The annual exhibit takes place at the Lionel Rombach Gallery through May 3 and provides a rare opportunity for graphic design and illustration students to gain recognition for their work and to exhibit it to its intended audience - the local community.
The jurors for this year's show were Michael Patrick Cronan and Polly Johnson, both established commercial artists. Along with admitting works for the exhibit, the judges collaborated to select the "Best of Show" award, and each judge individually chose one other work for an award.
This year's "Best of Show" award was given to fine arts senior Starr Merten for her poster that advertises a 1999 event at the Center for Creative Photography, "Nine Pioneers in Graphic Design."
Black and white heads of the honored artists form a number nine on a pale yellow background. The well-crafted poster is clear in concept, easy to read, and the disembodied heads offer the work a nice sense of humor.
The Polly Johnson Judge Award went to fine arts senior Marsha Underwood for her minimalist logo design for "ArcRAIL." The logo itself is a single line, suggestive of motion and the shape of a high-tech train. Along with the logo, the work featured a letterhead with matching envelope and a personal business card.
The Michael Cronan Judge Award was given to Fine Arts student Hillary Blanchard for her logo, letterhead, envelope and business card designs for "Echotech Industries."
In contrast to Underwood's crisp and sleek linear design, Blanchard's design features the rugged quality of a typewriter's lowercase "e." Blanchard chose a literal approach to the company name, opting to have waves echo away from the "e."
Both designs are clear, elegant and give the companies visual personality.
The majority of the show is displayed salon-style, in two and sometimes three horizontal rows that circle the room.
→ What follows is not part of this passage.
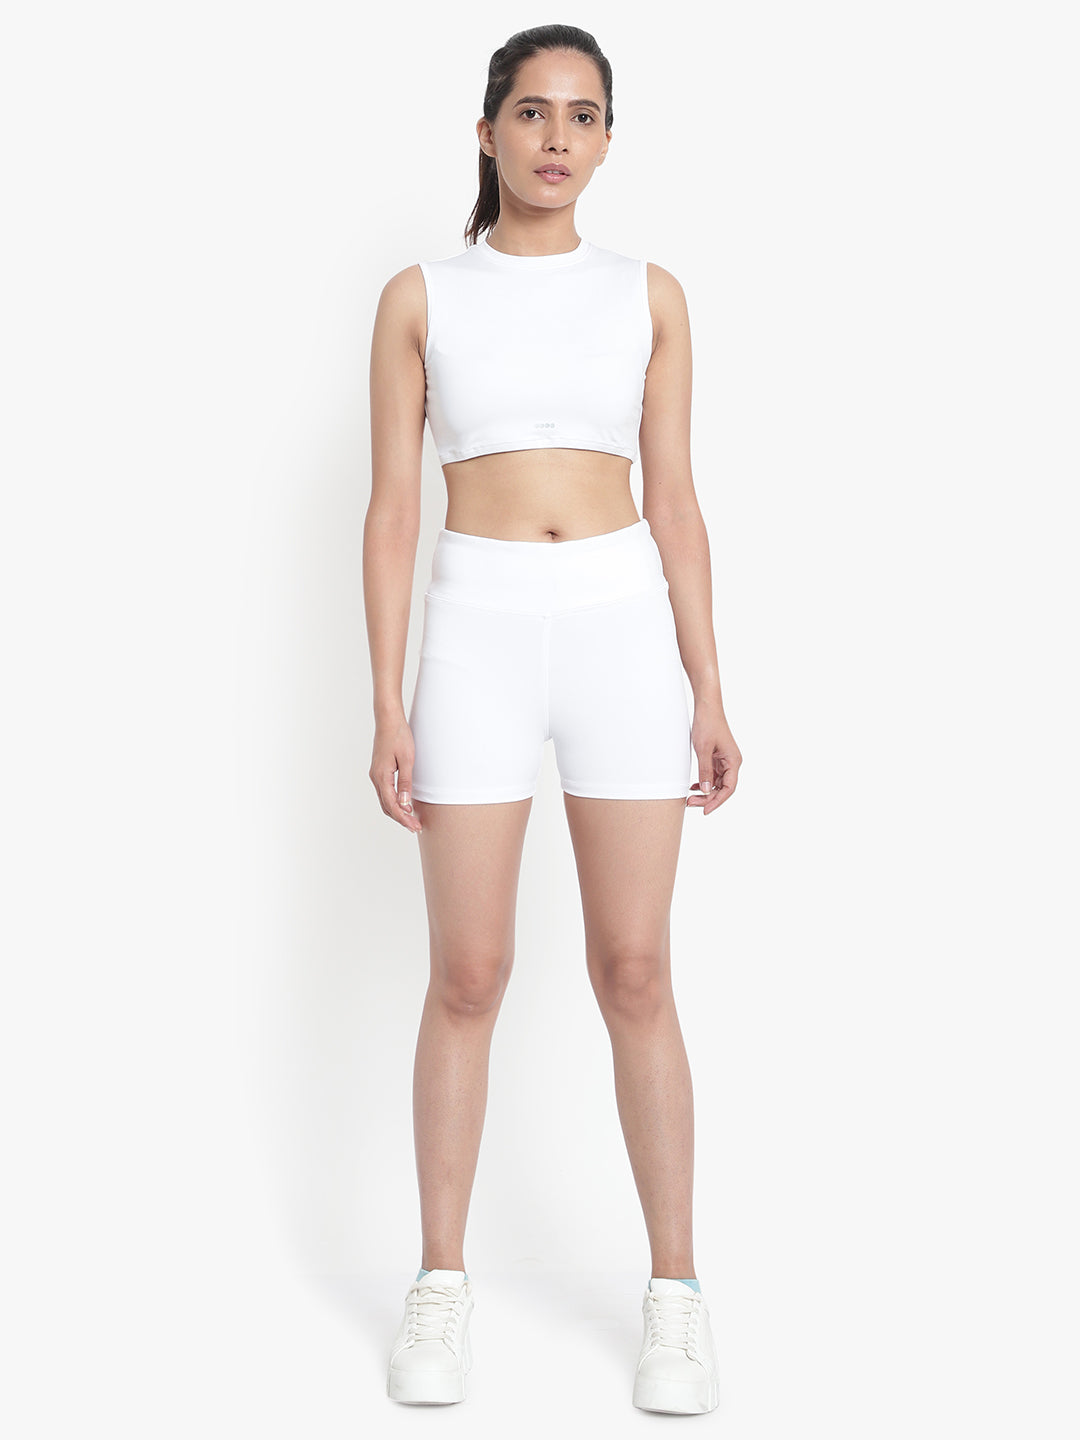 Aero Shorts & Crop Top Set - White

Although this is at times chaotic, the setup allows the viewer to recognize the variety of media and approaches used under the broad headings of illustration and design.
At the start of the exhibit, fine arts senior Bikram Saggoo's interactive computer art features three "projects" on an iMac, in which the viewer can access various digital photography and video clips using the mouse. The programs incorporate music set to complement the visual images.
In "Pi," Saggoo remade the introduction sequence to the movie "Pi," using blurry and ambiguous running video. Delicate abstract shapes and shadows create a mysterious space for the opening credits to slip through.
His first project, "Water," is more interactive and invites the viewer to explore various properties of water like a Web site.
Although much of the intrigue this show offers is the interaction between companies or events and the artists, the illustration segment of the show accents the aspect of the visual communications program that is more open to interpretation. The exhibit is strongest where the artists have given the community character.